Dari Kegelisahan Lingkungan, Situbondo Bookparty Gaungkan Ngaji Lingkungan

berjutapena.or.id,- Situbondo — Lingkungan sering kali baru dibicarakan ketika kerusakan telah terlihat nyata. Sampah yang menumpuk, ruang hijau yang menyusut, hingga pesisir yang kian rentan kerap hadir sebagai keluhan, namun jarang menjadi ruang dialog bersama. Di tengah kondisi tersebut, kesadaran untuk merawat lingkungan sebagai tanggung jawab kolektif menjadi kebutuhan yang tidak bisa ditunda.

Berangkat dari kegelisahan itu, Situbondo Bookparty menggagas kegiatan bertajuk Ngaji Lingkungan: Gotong Royong Membangun Tanah Surga. Kegiatan ini direncanakan berlangsung pada Sabtu, 17 Januari 2026, di Pendopo Murtajaya, Situbondo, sebagai ruang diskusi dan pembelajaran bersama lintas peran.

Ngaji Lingkungan diposisikan bukan sekadar forum diskusi tematik, melainkan ruang temu nilai, pengetahuan, dan pengalaman. Tokoh agama, akademisi, pegiat lingkungan, relawan, komunitas, hingga perwakilan pemerintah dijadwalkan terlibat dalam dialog yang menempatkan gotong royong sebagai fondasi utama gerakan sosial-ekologis.

Sejumlah isu lingkungan lokal akan menjadi fokus pembahasan, di antaranya persoalan pengelolaan sampah dan pencemaran lingkungan, alih fungsi ruang hijau, serta tantangan keberlanjutan kawasan pesisir. Isu-isu tersebut dipandang tidak berdiri sendiri, melainkan berkaitan erat dengan kebiasaan sosial, praktik ekonomi, serta cara pandang masyarakat dalam memaknai lingkungan sebagai ruang hidup bersama.

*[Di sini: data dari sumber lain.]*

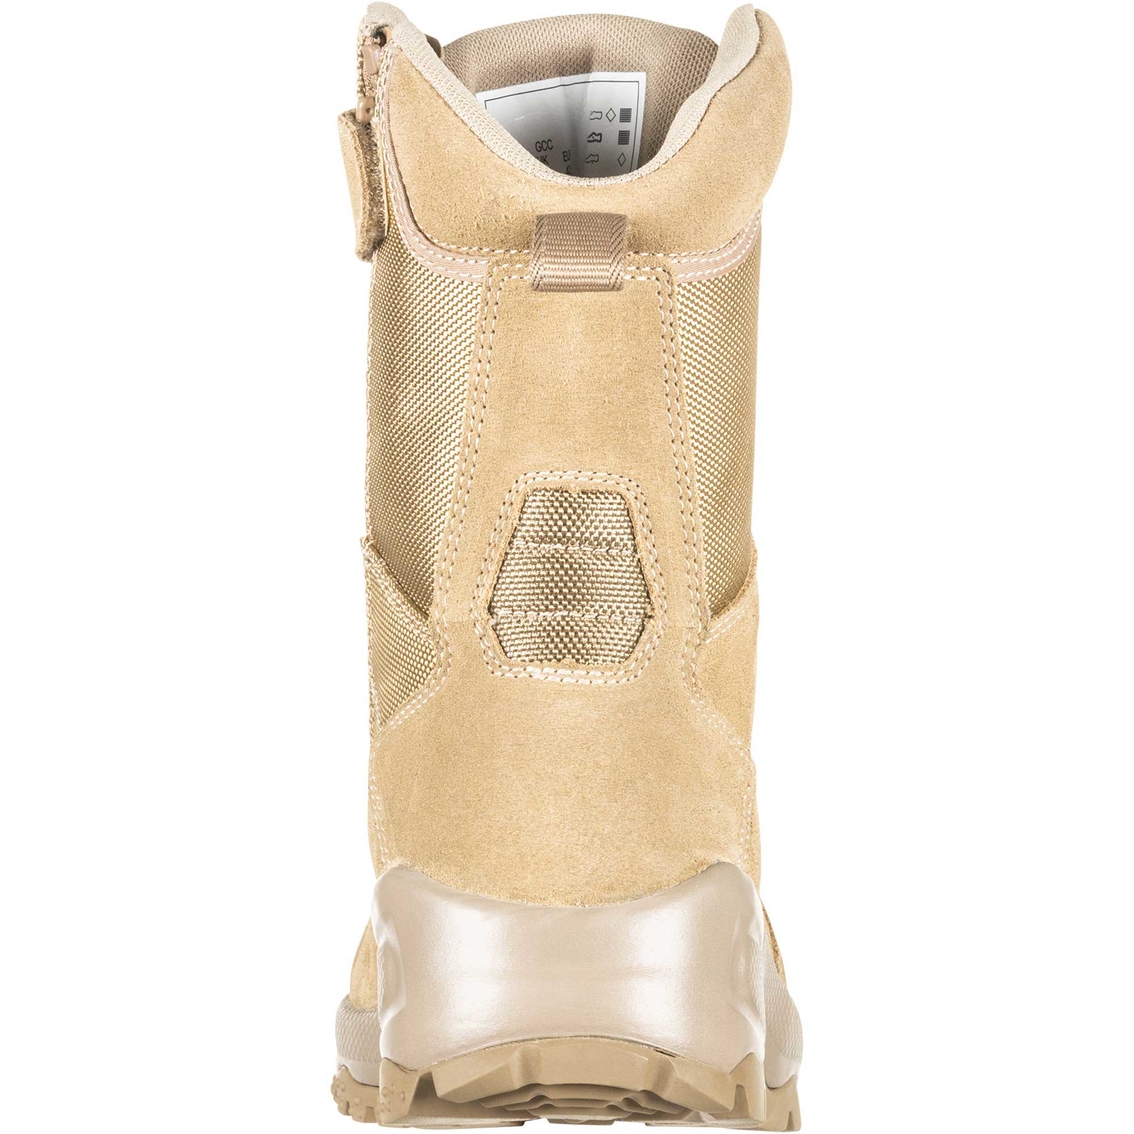 5.11 Men's A.T.A.C. 2.0 8 in. Arid Coyote Boots - Image 6 of 6

Situbondo Bookparty menegaskan bahwa kegiatan ini tidak dimaksudkan sebagai ruang saling menyalahkan atau tempat menawarkan solusi instan. Diskusi diarahkan untuk membangun pemahaman bersama atas realitas lingkungan Situbondo, mengidentifikasi tantangan struktural dan kultural, serta mendorong lahirnya komitmen yang realistis dan dapat dijalankan secara kolaboratif.

Melalui pendekatan literasi dan dialog, Ngaji Lingkungan diharapkan dapat membuka ruang partisipasi publik yang lebih luas. Merawat lingkungan dipahami sebagai proses jangka panjang yang membutuhkan kesadaran, konsistensi, dan keterlibatan banyak pihak, bukan sekadar gerakan sesaat.

Dengan mengusung tema Gotong Royong Membangun Tanah Surga, kegiatan ini menjadi bagian dari ikhtiar menumbuhkan budaya peduli lingkungan di Situbondo. Dari ruang diskusi menuju kesadaran kolektif, Ngaji Lingkungan diharapkan menjadi langkah awal memperkuat gerakan lingkungan yang inklusif dan berkelanjutan. Untuk Situbondo Naik Kelas.